> _THE DATA_
────────────────────

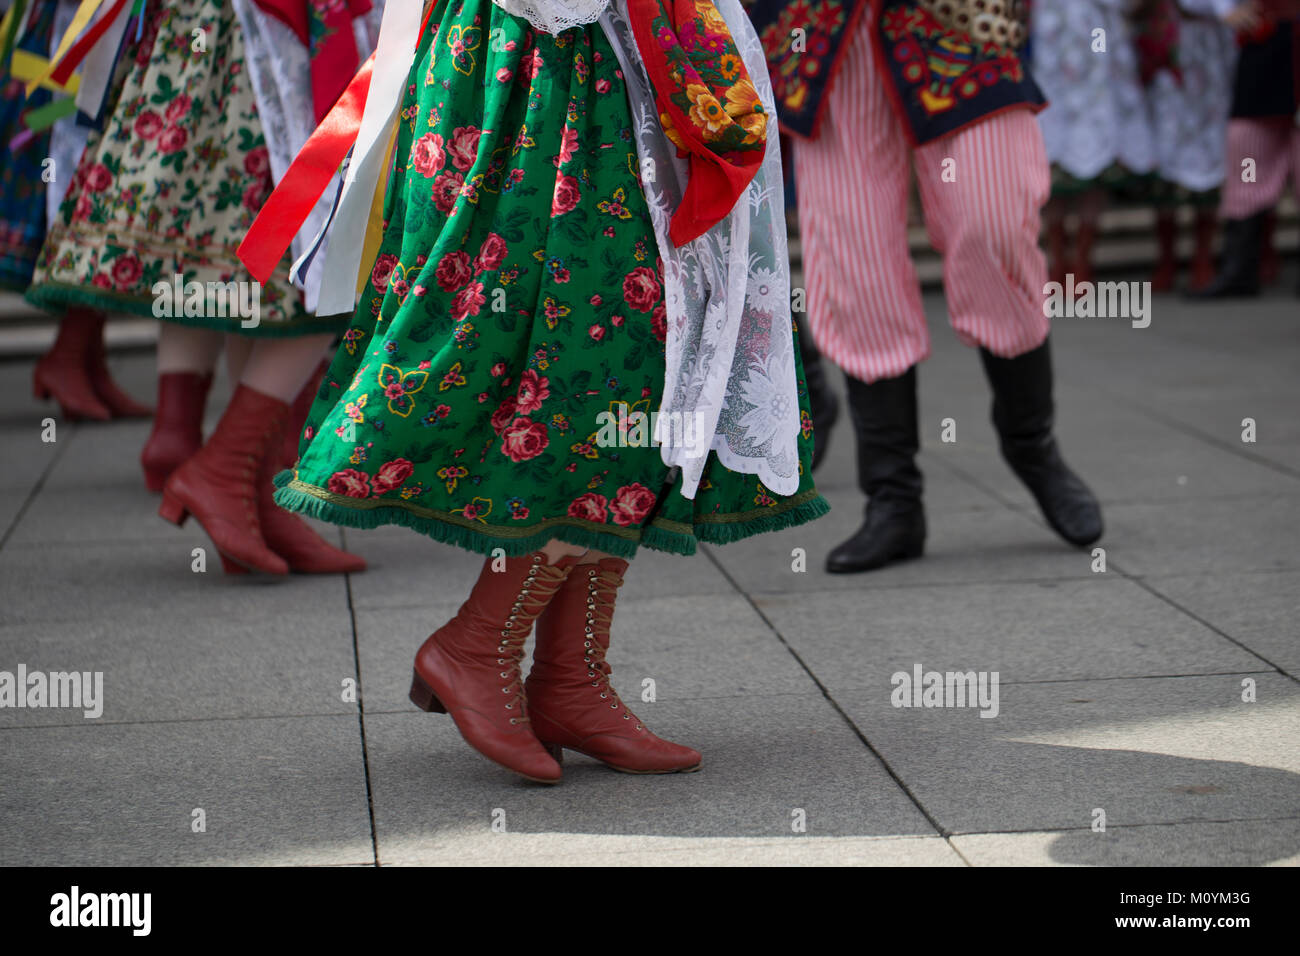 Polish folk dance group with traditional costume Stock Photo
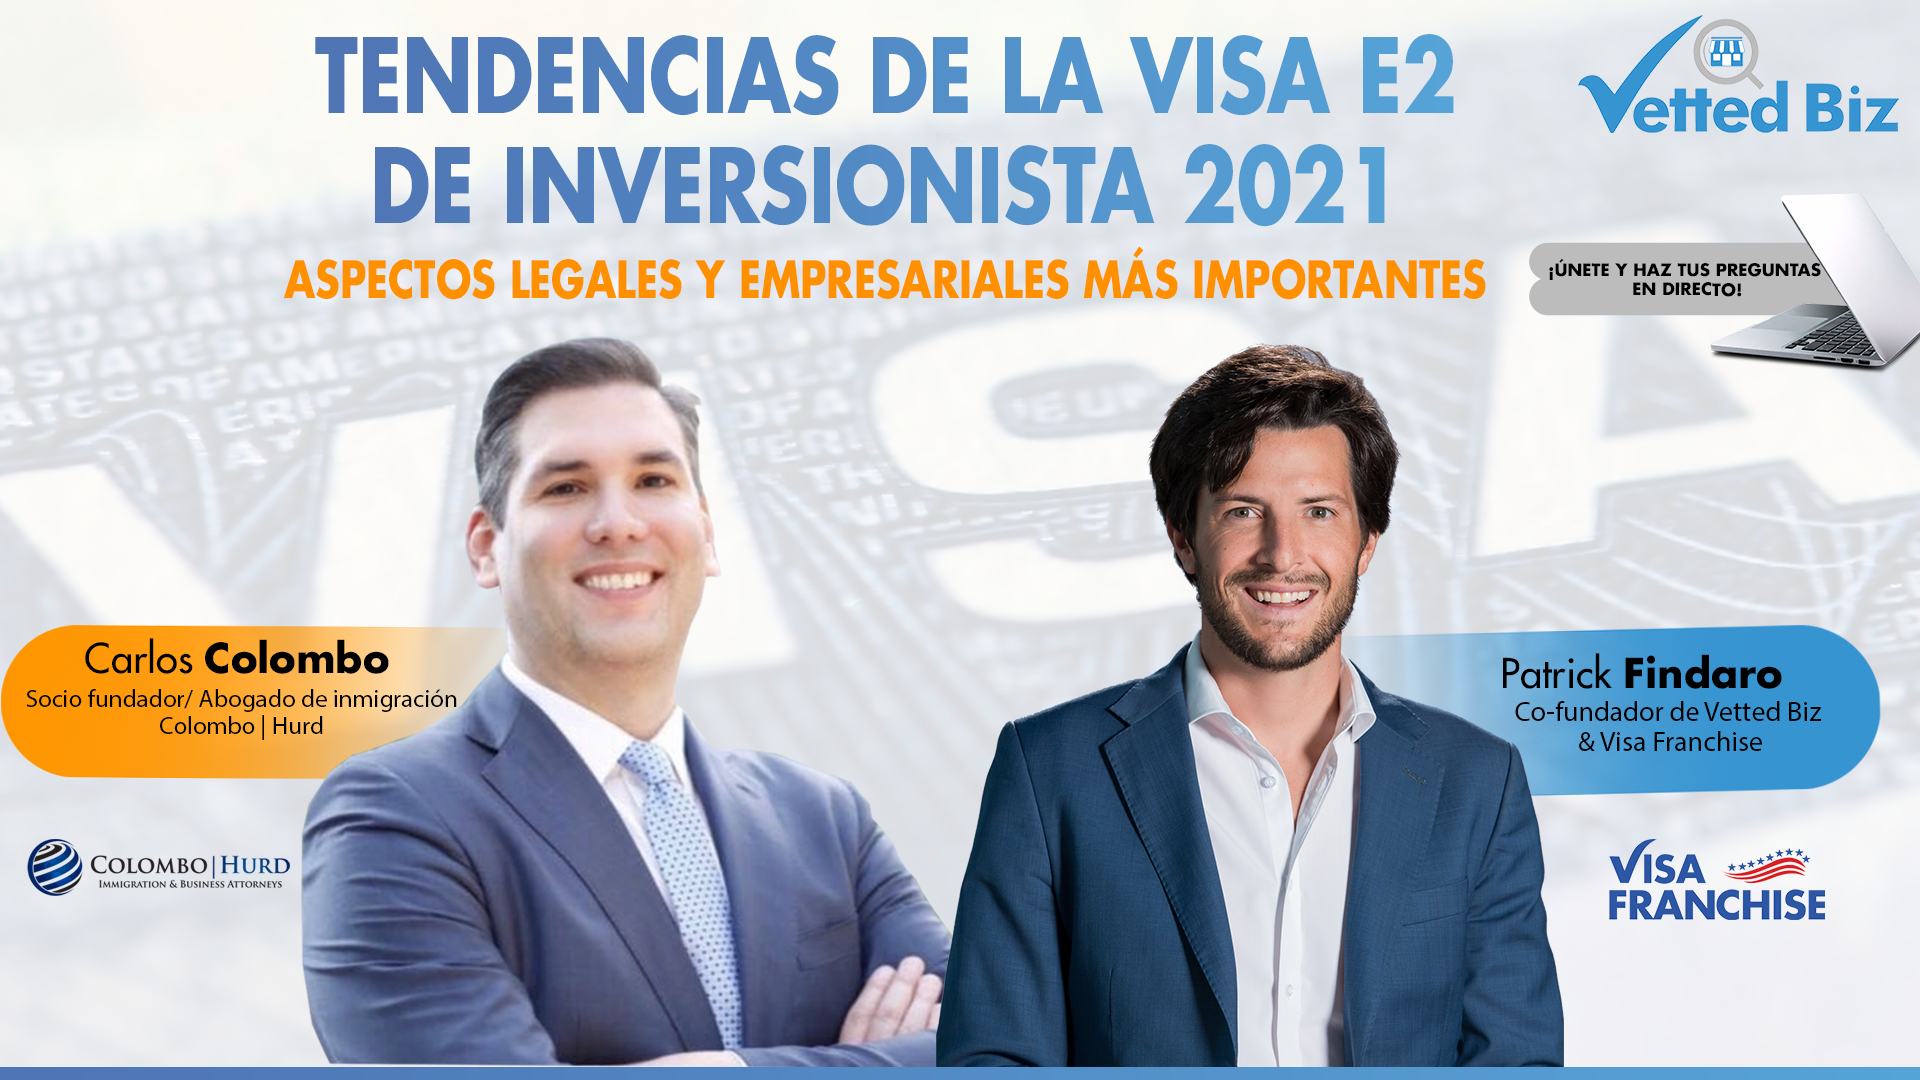 Flyer - E-2 Investor Visa Trends 2021 - ESP 
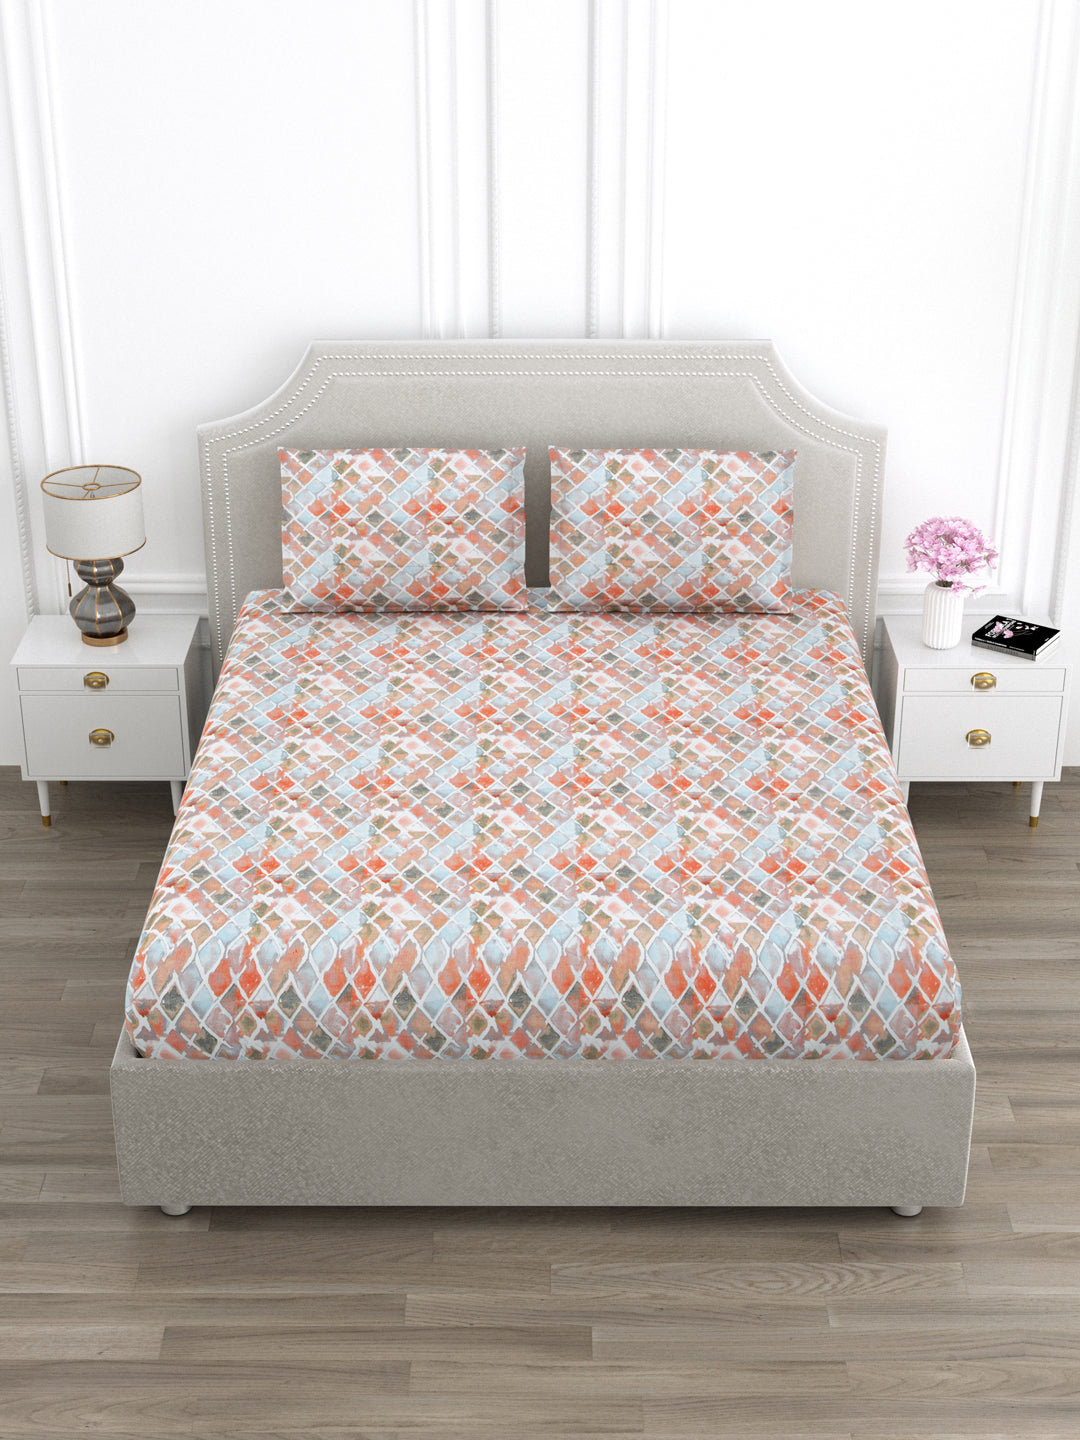 White & Orange Geometric King Size Bed Cotton Linen
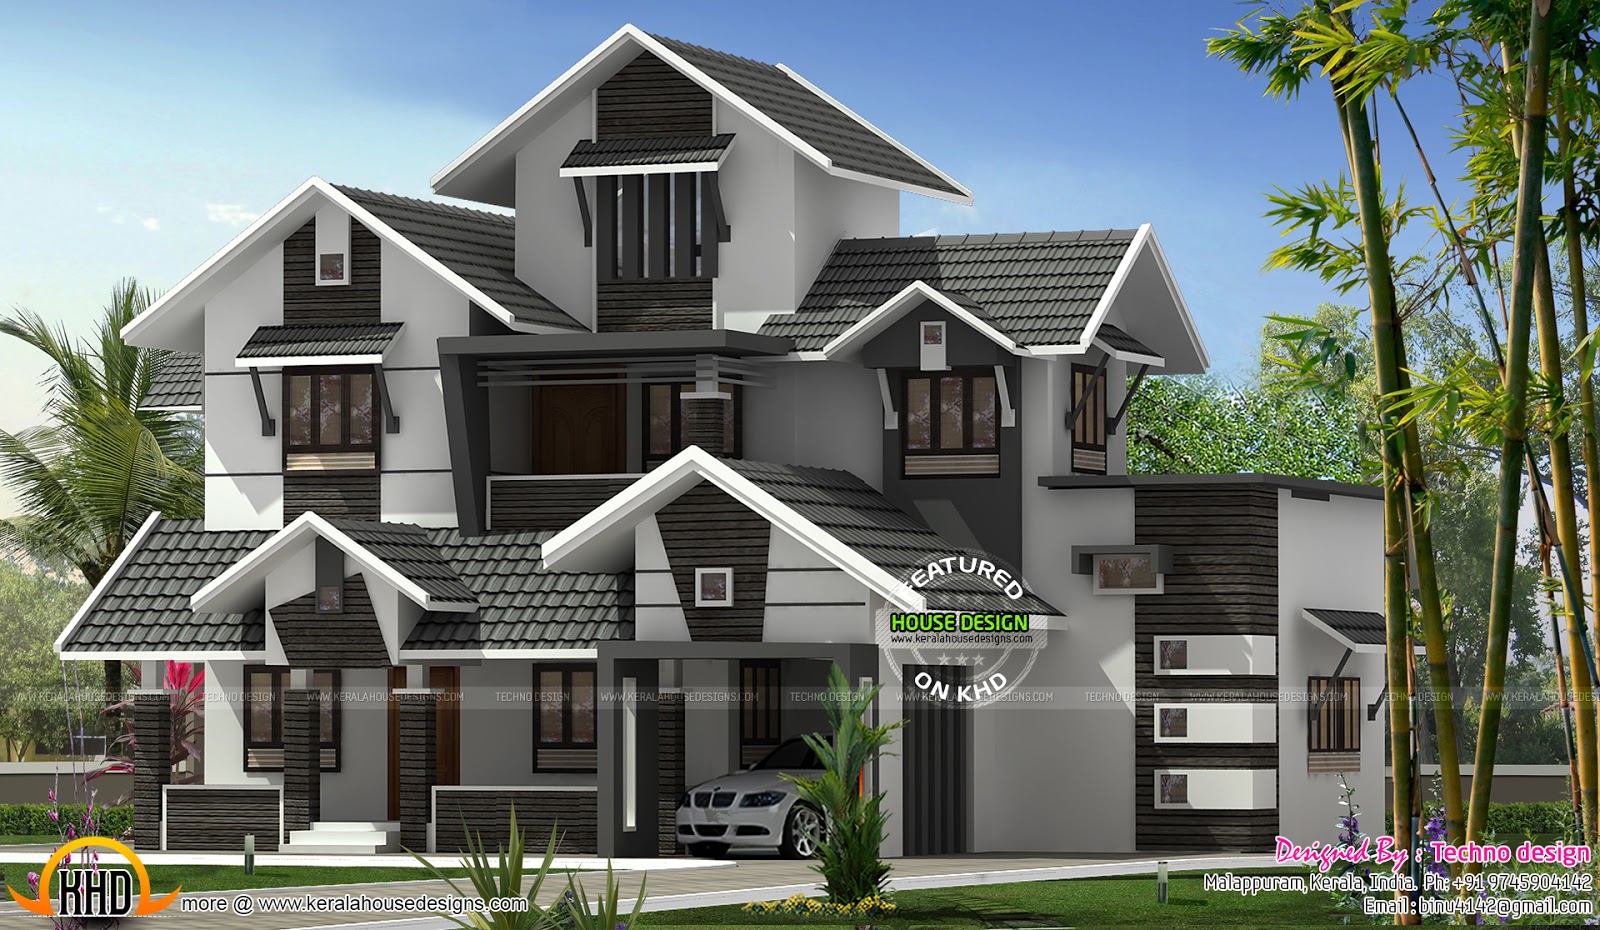 Modern Kerala  home  design  Kerala  home  design  and floor plans

────────────────────

> _EXERCISE_
Set down the line containing "White & Orange" and every line after it up to the end of the material, exactly as written, but not the pictures.

> _FINAL ANSWER_
 White & Orange Geometric King Size Bed Cotton Linen
 Modern Kerala  home  design  Kerala  home  design  and floor plans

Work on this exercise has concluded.